Our View: Shrugging off terror

May 3 2013 - 9:16am


Terror patrol
Terror patrol

It's not surprising that after a terrorist incident -- such as the Boston bombings -- dominates the news and interests of Americans, there tends to be a spike in perceived terror-like threats. This has occurred in the Top of Utah. In one week, there was a pipe bomb found at Mountain View Elementary School, a threatening letter sent to Shadow View Elementary School, a threat made to Davis Hospital and Medical Center, a "suspicious" backpack and trash bag were checked, and at Weber State University, events were interrupted while a powdery white substance -- that turned out to be plaster -- was investigated.

Added concern over terror, and more reports of "suspicious" packages, powders, and threats are caused by human nature, and frankly, the old adage, "better safe than sorry," remains good advice. The heightened interest and concern that the Boston terror incident has brought locally and nationally is not unknown to law enforcement.
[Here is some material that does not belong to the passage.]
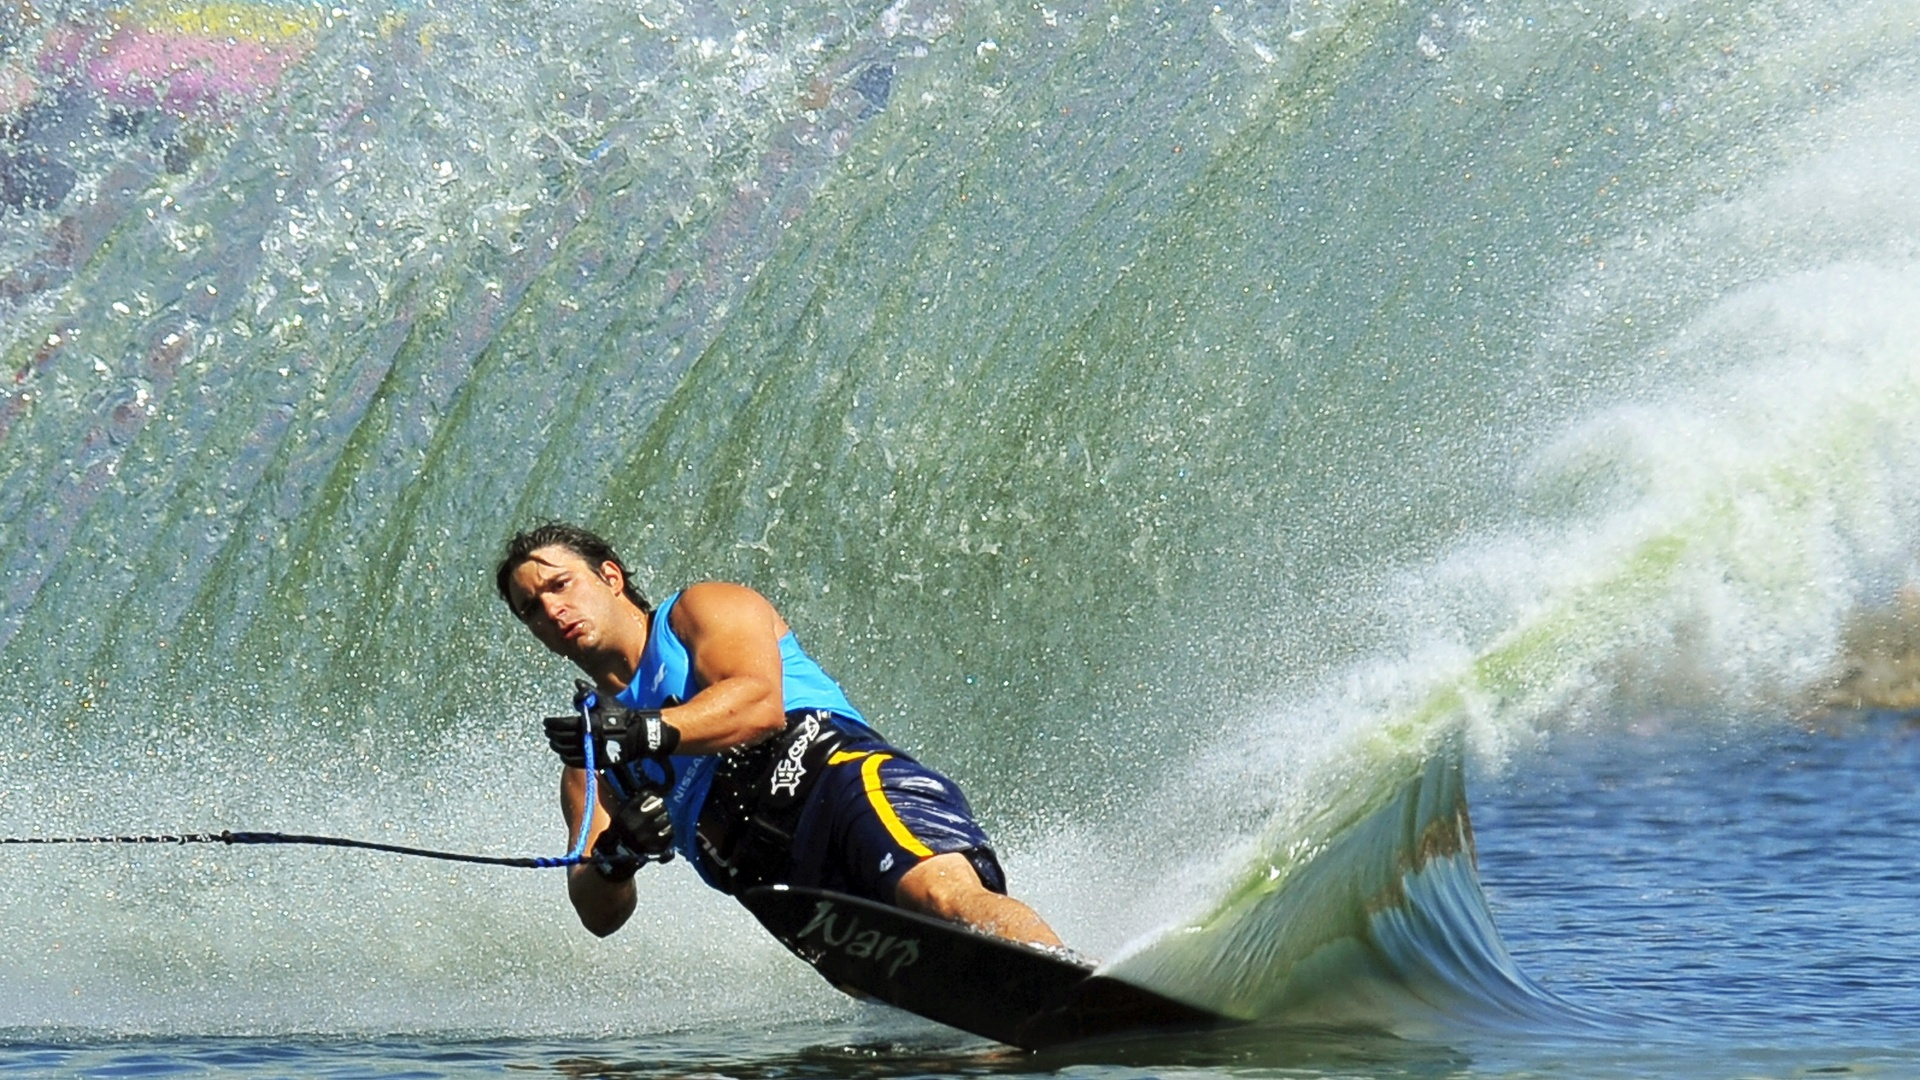 Felipe Neves acumulou 33,50 pontos na final do slalom e encerrou a competição em 6º (23/10/2011)

And, on those threats that turn out to be crimes, police are at work. For instance, officials are combing through surveillance video at Mountain View Elementary with the hopes of learning who left the pipe bomb there.

As the shock of the Boston bombs ebbs, the number of threats reported locally will, of course, decline. We've been lucky in the United States. Despite the terror of Sept. 11, 2001, the Boston attacks, and a few other attacks -- such as Fort Hood -- we don't live with terrorism as a potential daily threat, as others do in many parts of the world, such as Israel, Iraq, and Afghanistan.

A Rasmussen Reports poll, released more than a week after the Boston bombings, indicates that most Americans are taking the threat of terror in stride. Seventy-one percent of us think that another terror attack is likely within the next year, but more than half of us, 54 percent, still regard economic concerns as more important than terrorism threats. 

If attacks occur with more frequency, the sentiments revealed by the Rasmussen poll will change. But so far, our nation has been protected well against the threat of terrorism.